WHAT THE TASK ASKS |
The goal is a clean copy of all the data below, with pictures dropped and everything else retyped exactly.

STORED DATA |
● ● ●

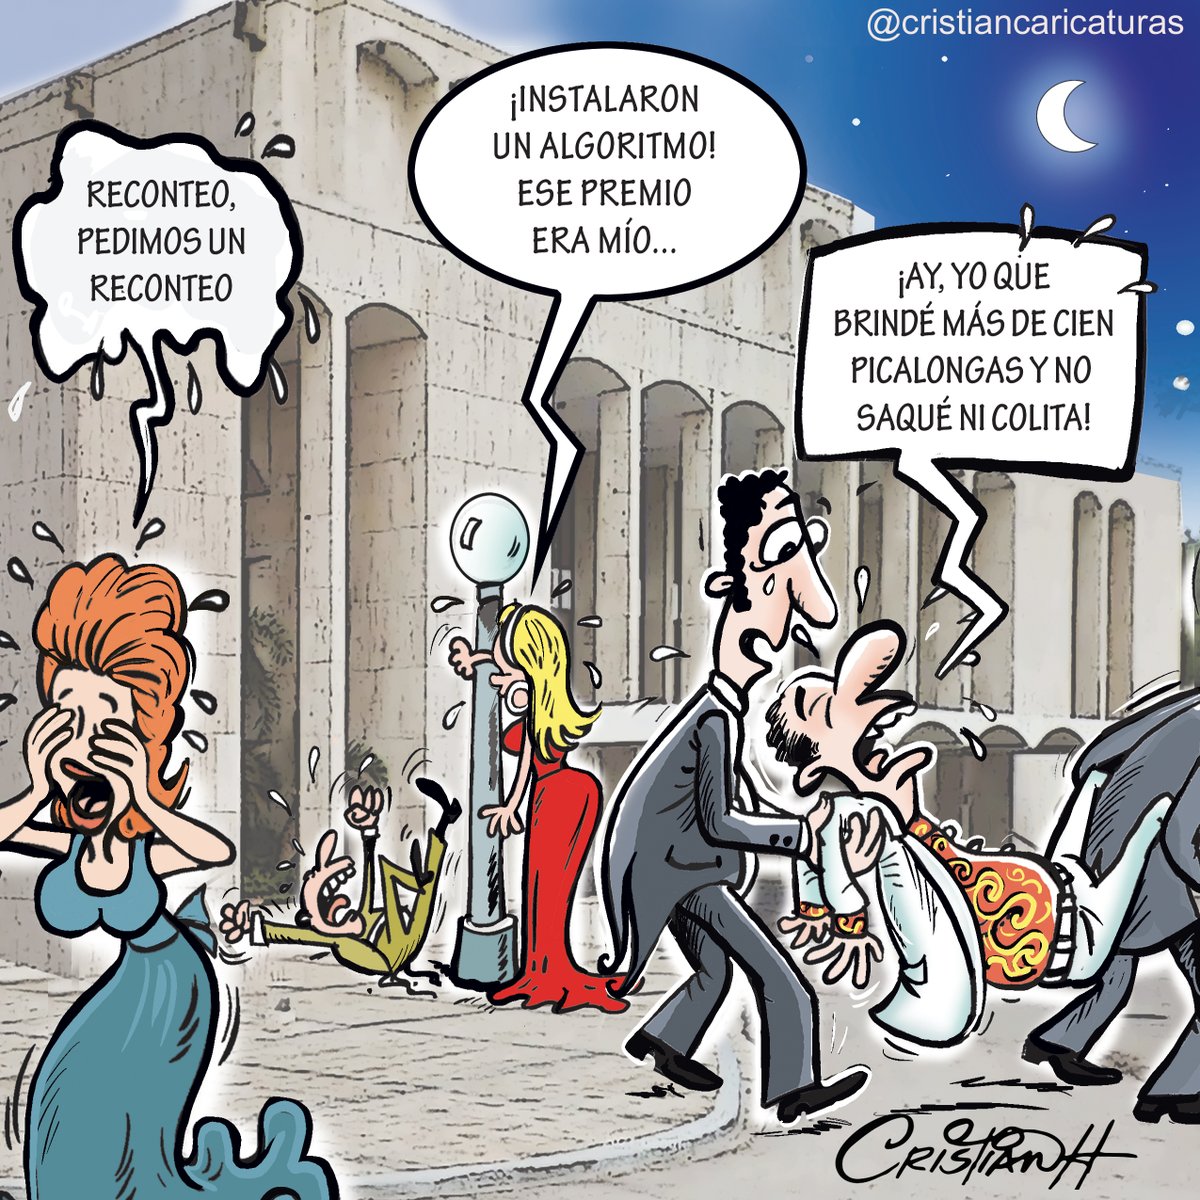 Reconteo, pedimos un reconteo...

Mi caricatura del miércoles 13 de marzo en el periódico @ElDia_do
.
.
.
.
.
#PremiosSoberano #pataleo #otravez #cristiancaricaturas #reconteo

● ● ●

REPLY TO THE EXERCISE |
 Reconteo, pedimos un reconteo...

Mi caricatura del miércoles 13 de marzo en el periódico @ElDia_do
.
.
.
.
.
#PremiosSoberano #pataleo #otravez #cristiancaricaturas #reconteo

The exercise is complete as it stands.